:: Assigned task ::
With the pictures removed, write out the data below exactly.

== Given data ==

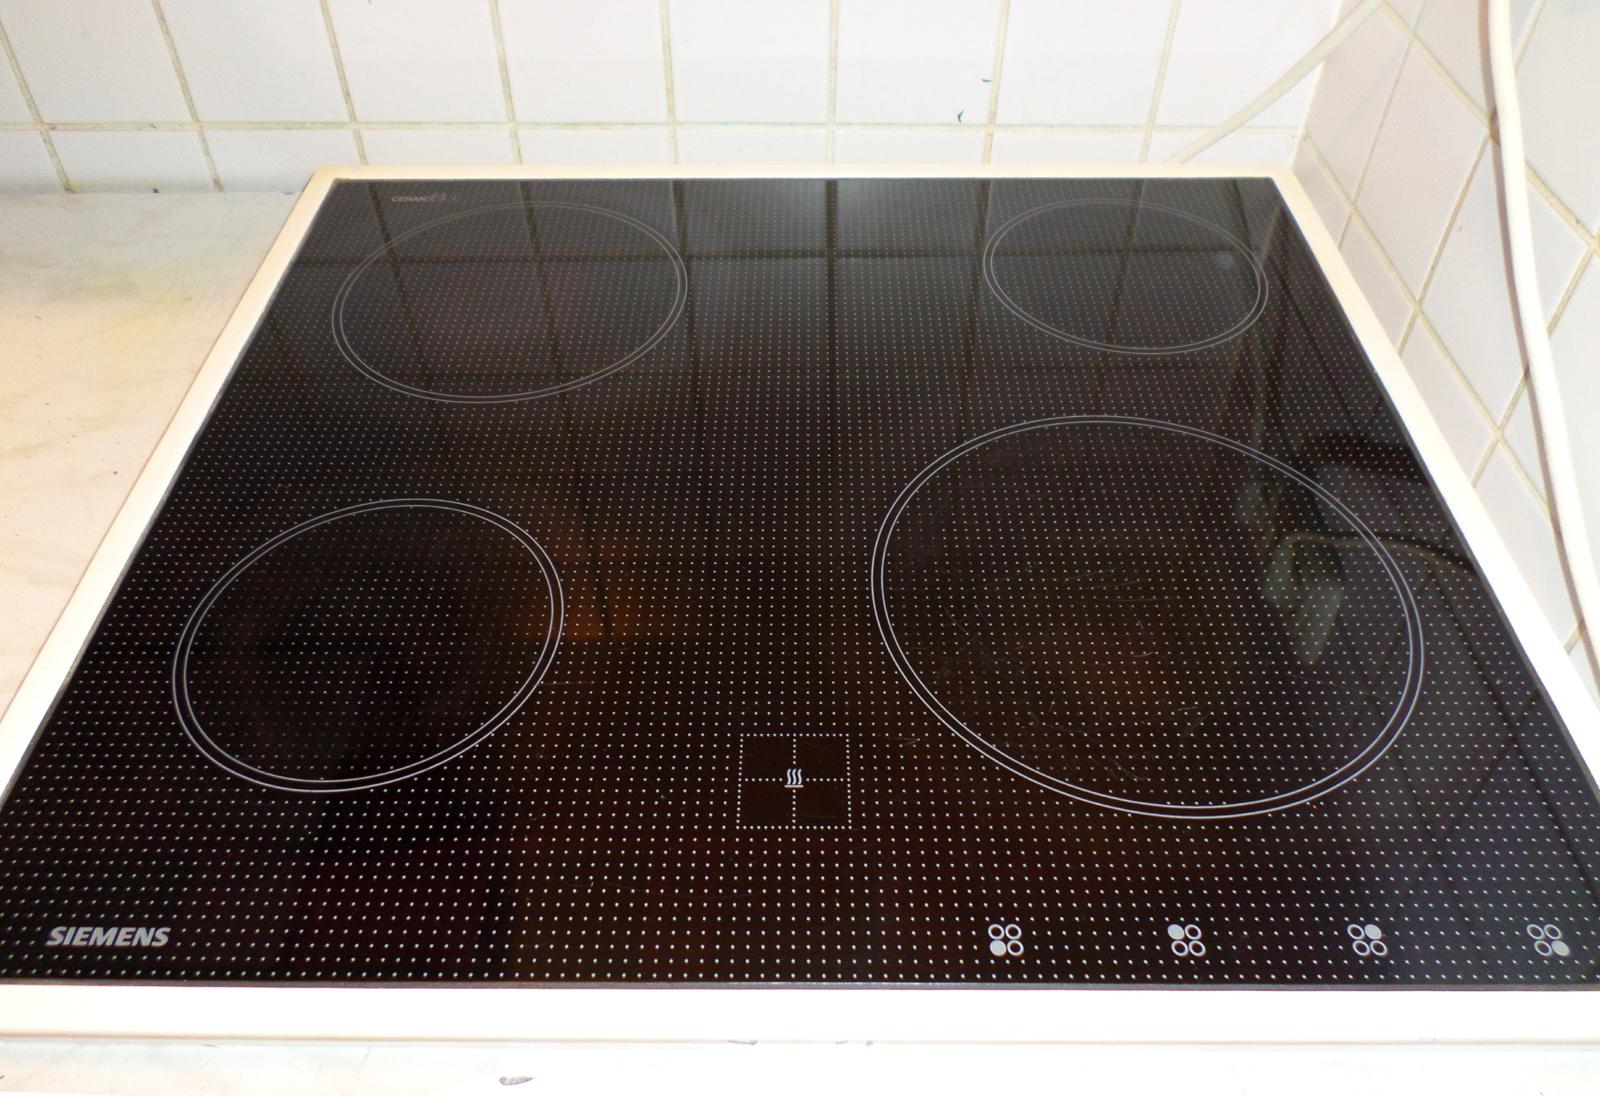 siemens ekt710 s schott ceran glaskeramik ersatzglas. Black Bedroom Furniture Sets. Home Design Ideas
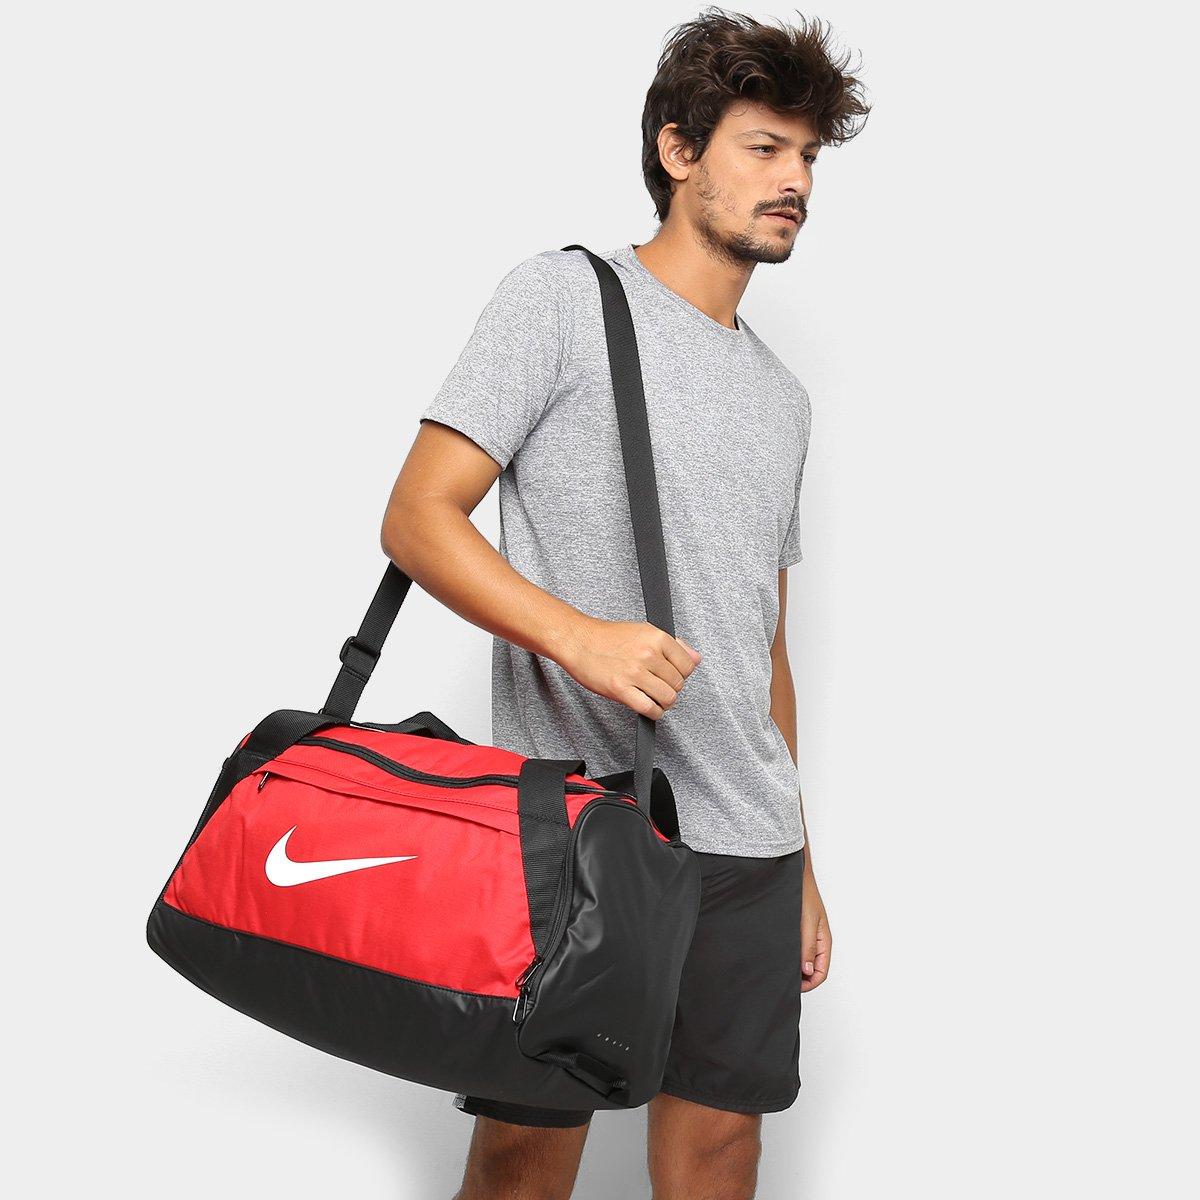 4f4d2ee76 Mala Nike de Treino Duffel Brasília - Shopping TudoAzul
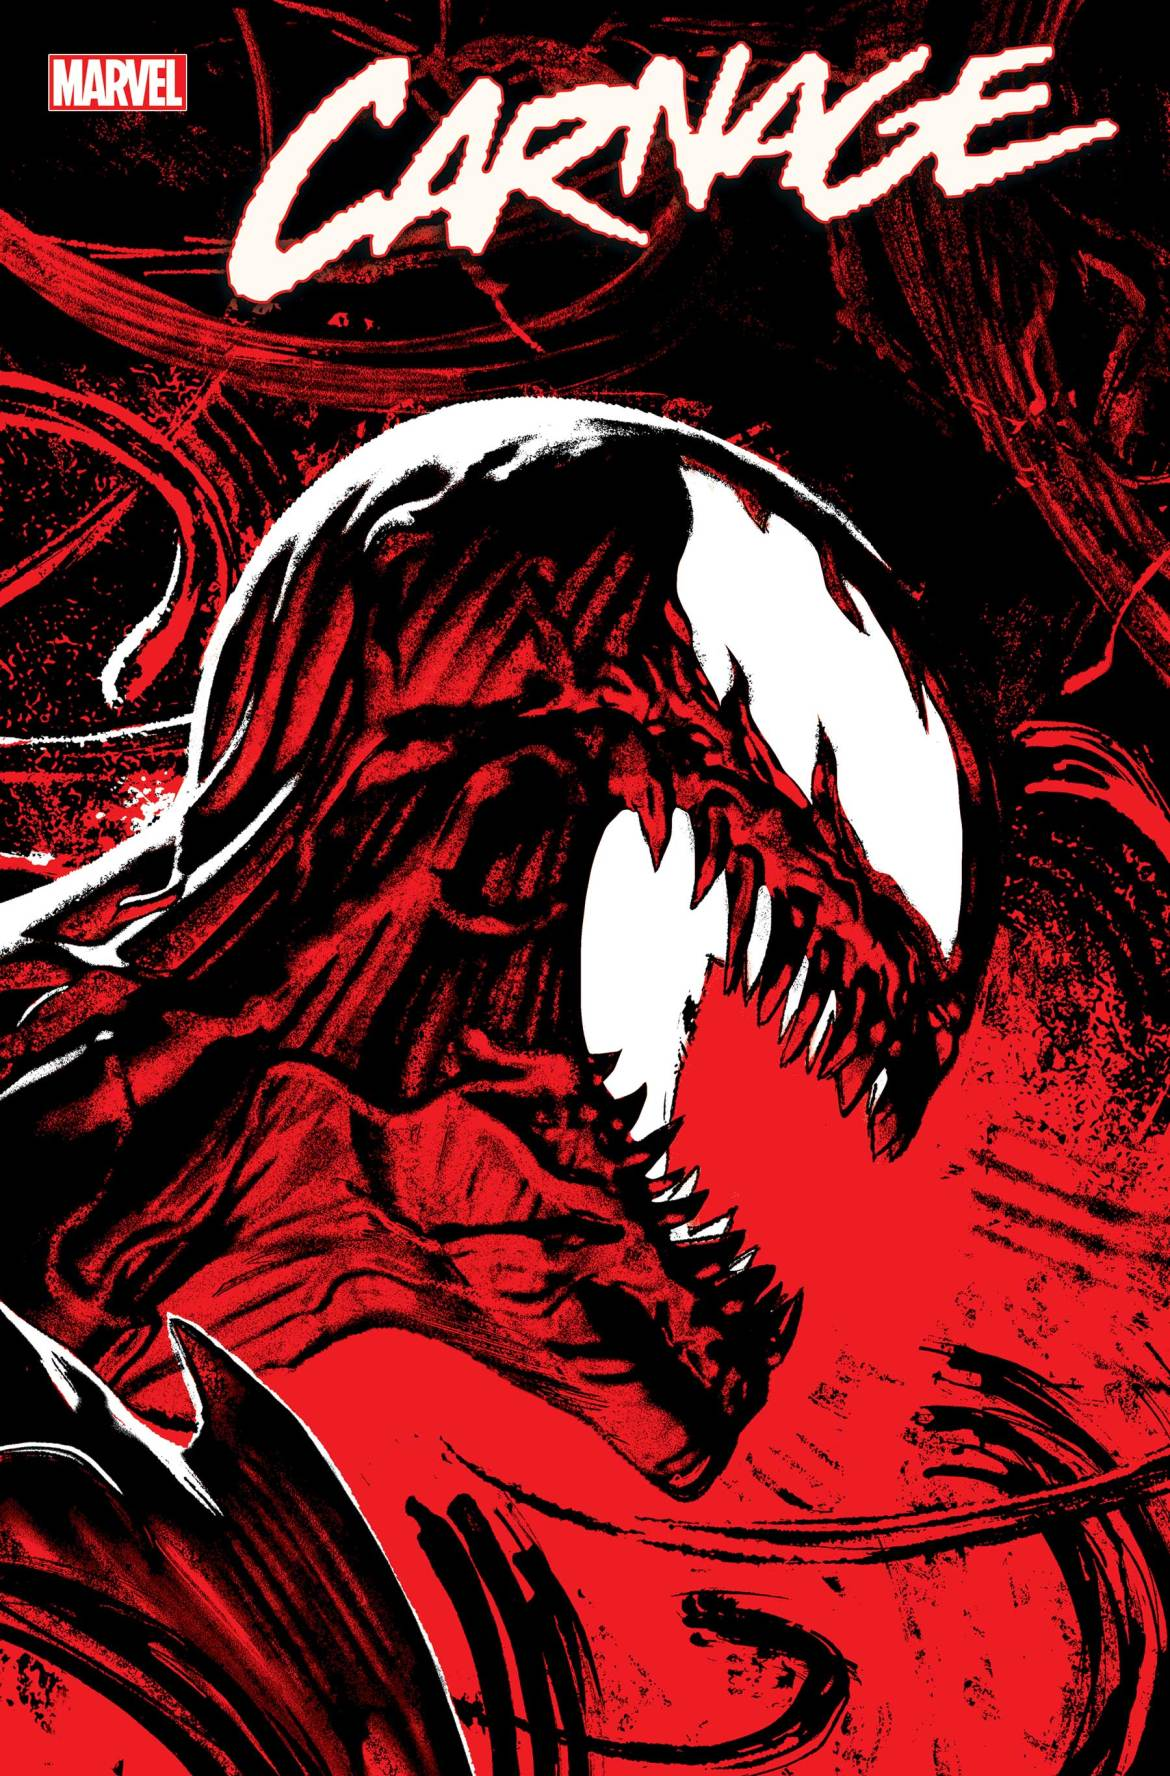 CARNAGEBWB2021003_Cov Marvel Comics May 2021 Solicitations

===

:: Result of the exercise ::
 siemens ekt710 s schott ceran glaskeramik ersatzglas. Black Bedroom Furniture Sets. Home Design Ideas
 4f4d2ee76 Mala Nike de Treino Duffel Brasília - Shopping TudoAzul
 CARNAGEBWB2021003_Cov Marvel Comics May 2021 Solicitations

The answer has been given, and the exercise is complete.